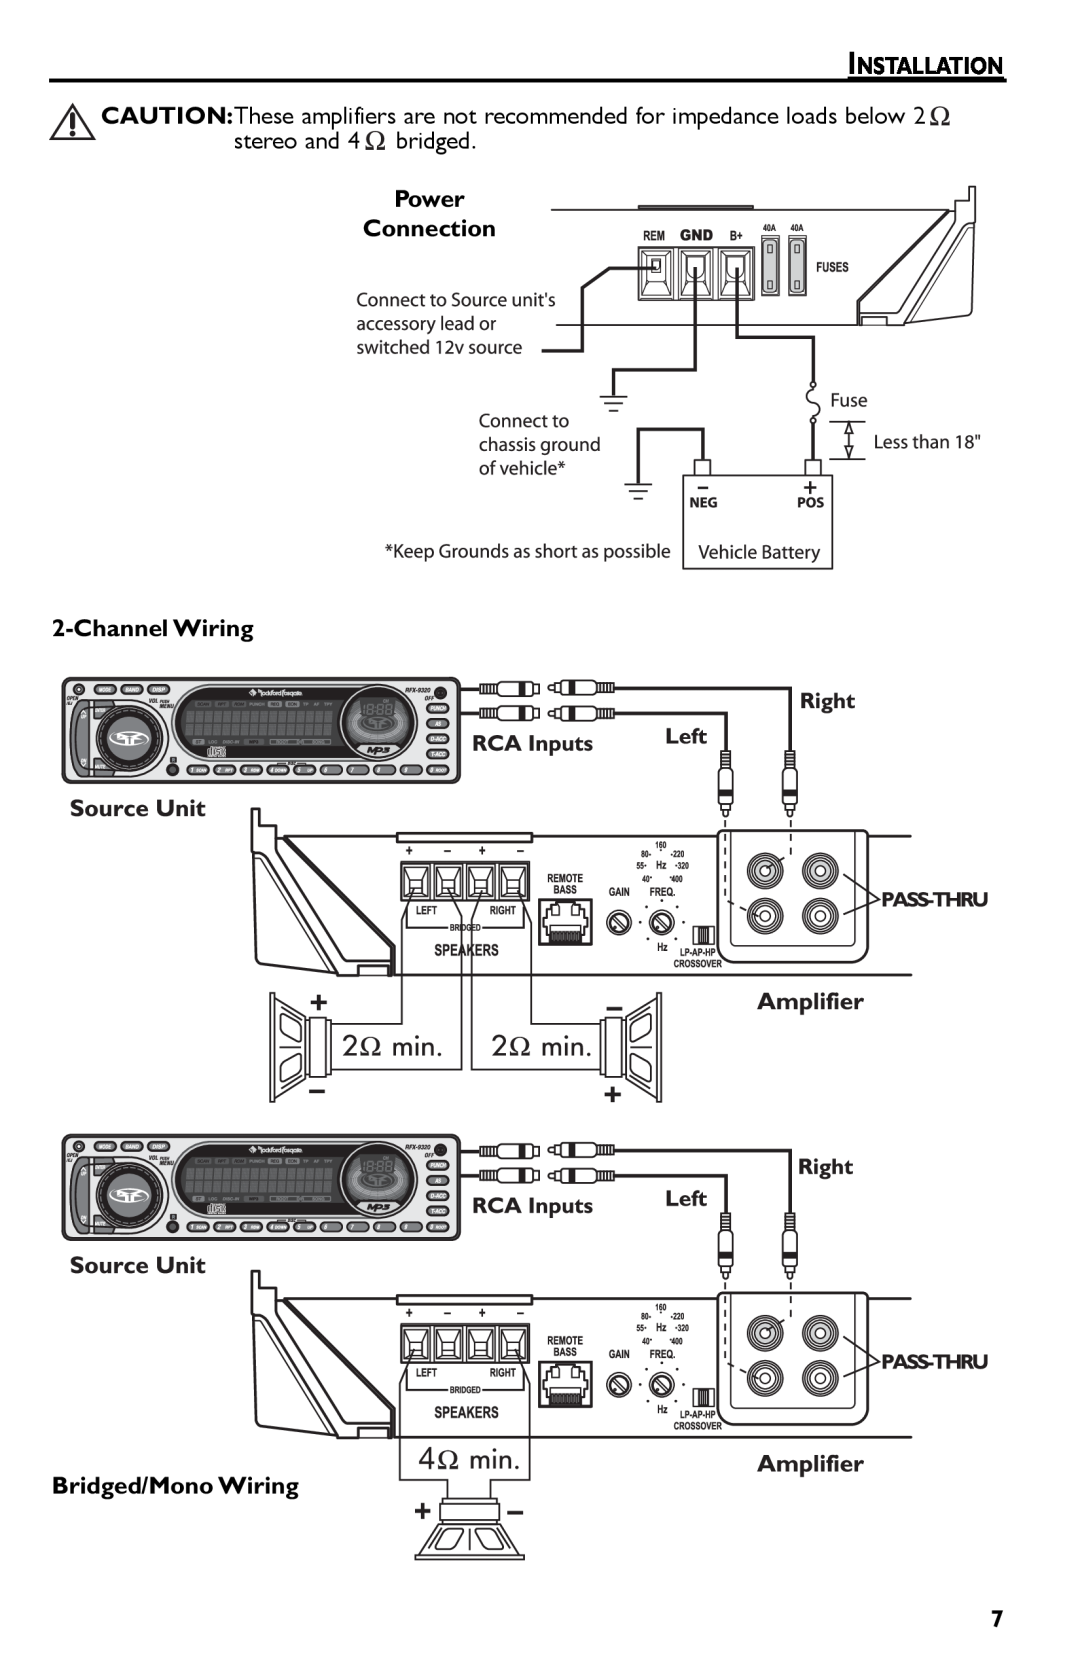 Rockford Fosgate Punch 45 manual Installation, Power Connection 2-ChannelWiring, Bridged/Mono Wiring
###
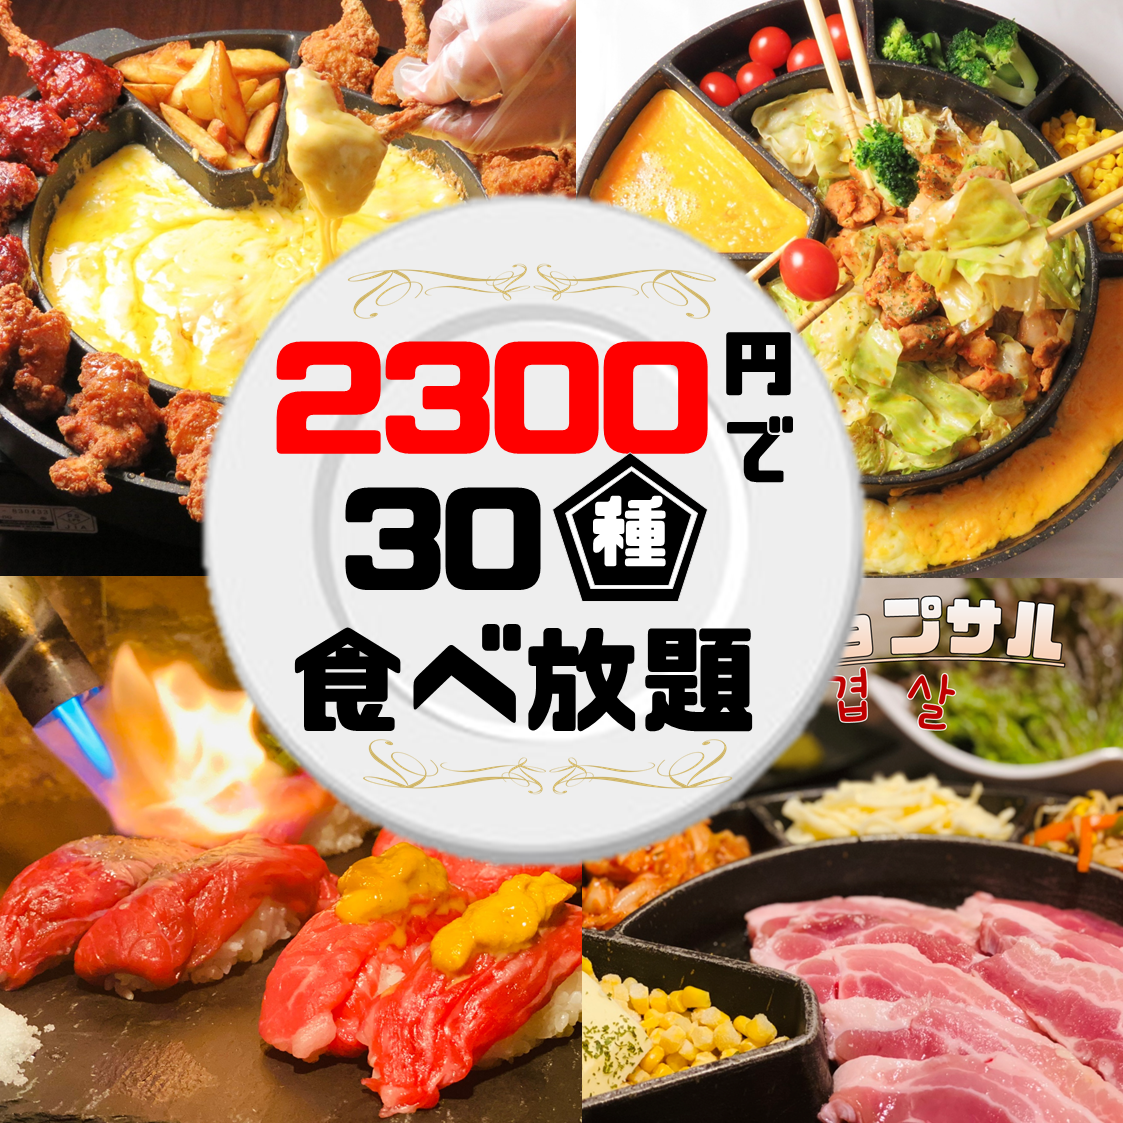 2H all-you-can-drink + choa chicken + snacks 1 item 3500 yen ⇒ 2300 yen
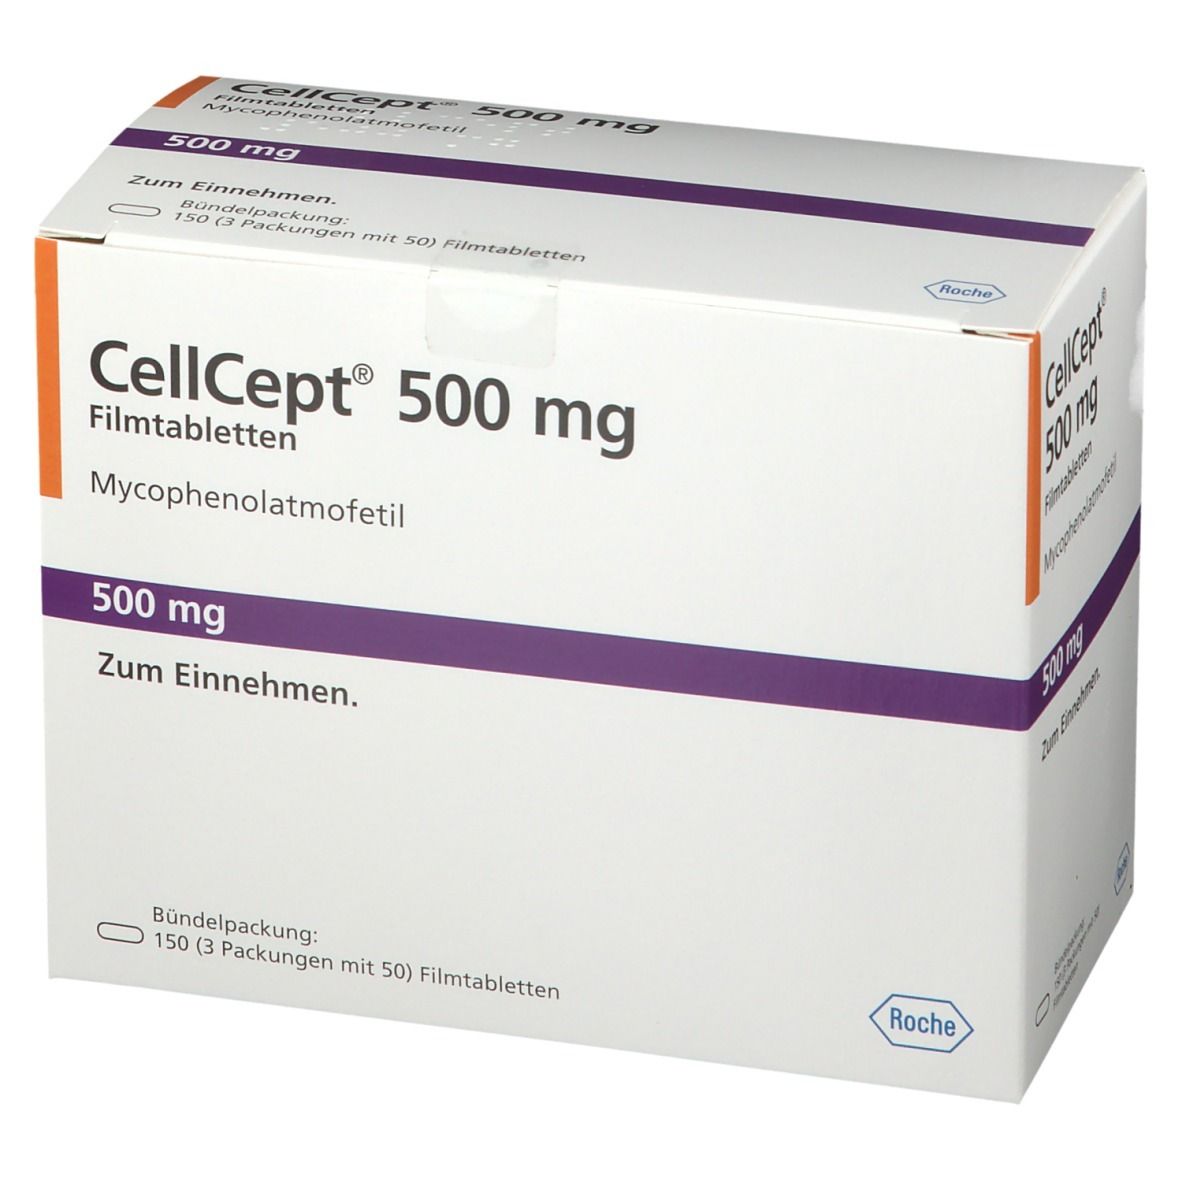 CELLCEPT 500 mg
###
* Work request: All pictures are to be skipped. Output, word for word, the lines in the data above starting at the line containing "2H all-you-can-drink +" and ending at the line containing "CELLCEPT 500 mg".

* Final answer:
 2H all-you-can-drink + choa chicken + snacks 1 item 3500 yen ⇒ 2300 yen
 CELLCEPT 500 mg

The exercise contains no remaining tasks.